### Material shown
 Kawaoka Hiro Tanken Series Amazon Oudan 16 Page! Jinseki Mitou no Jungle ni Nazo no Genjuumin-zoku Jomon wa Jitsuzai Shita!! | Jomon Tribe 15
---
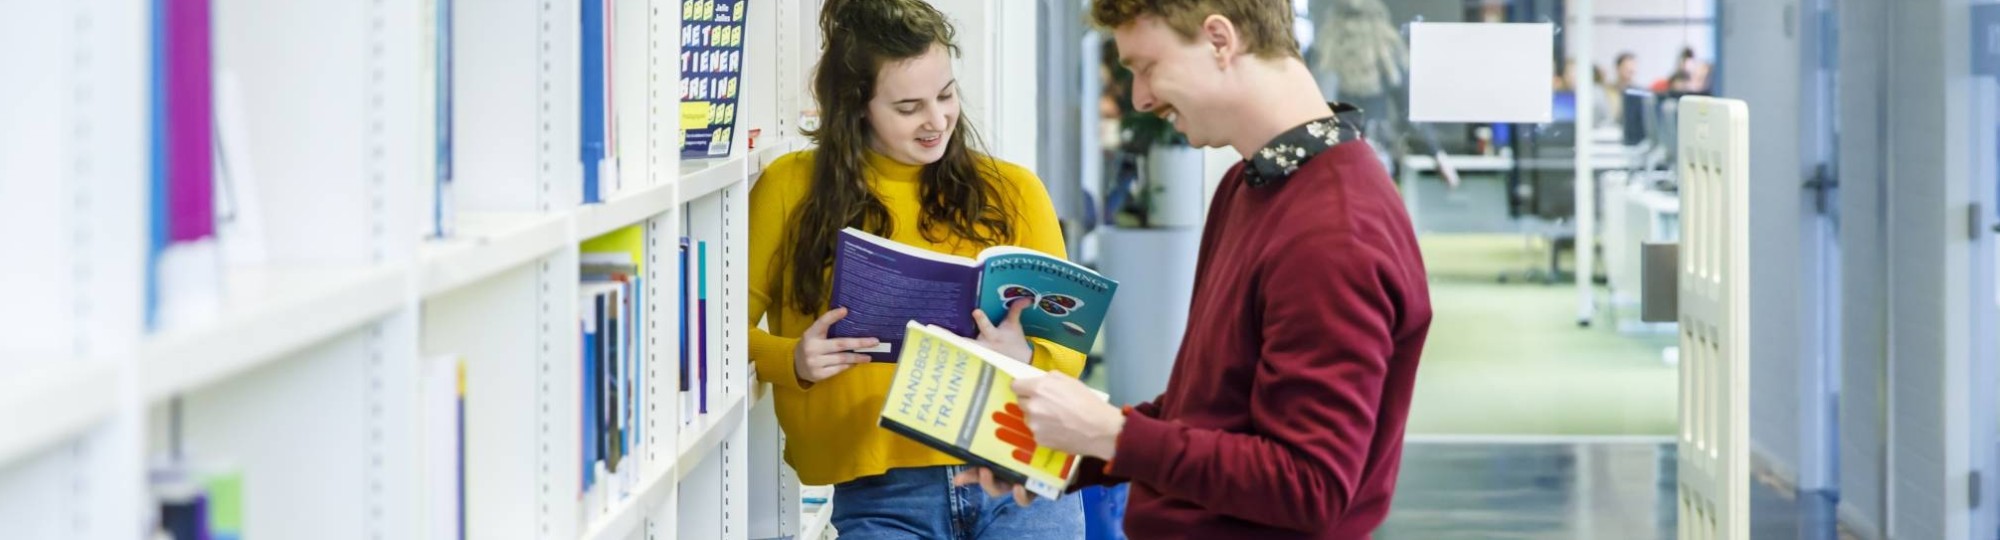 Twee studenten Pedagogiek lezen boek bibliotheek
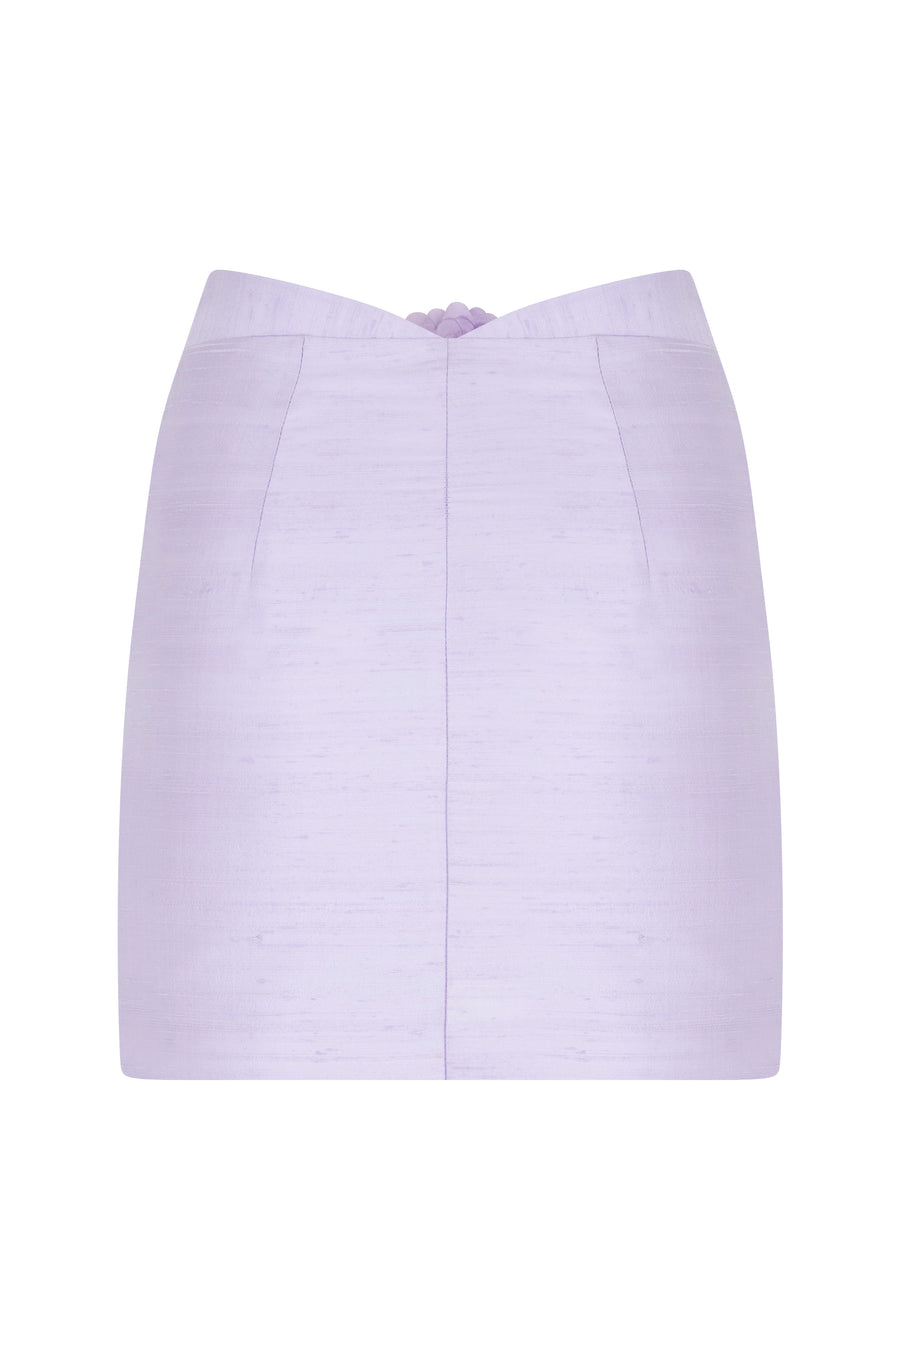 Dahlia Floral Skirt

### What to work on
Output should consist of the lines above from the one with "Twee studenten Pedagogiek" down to the one with "Dahlia Floral Skirt", exact and without pictures.

### The completed task
 Twee studenten Pedagogiek lezen boek bibliotheek
 Dahlia Floral Skirt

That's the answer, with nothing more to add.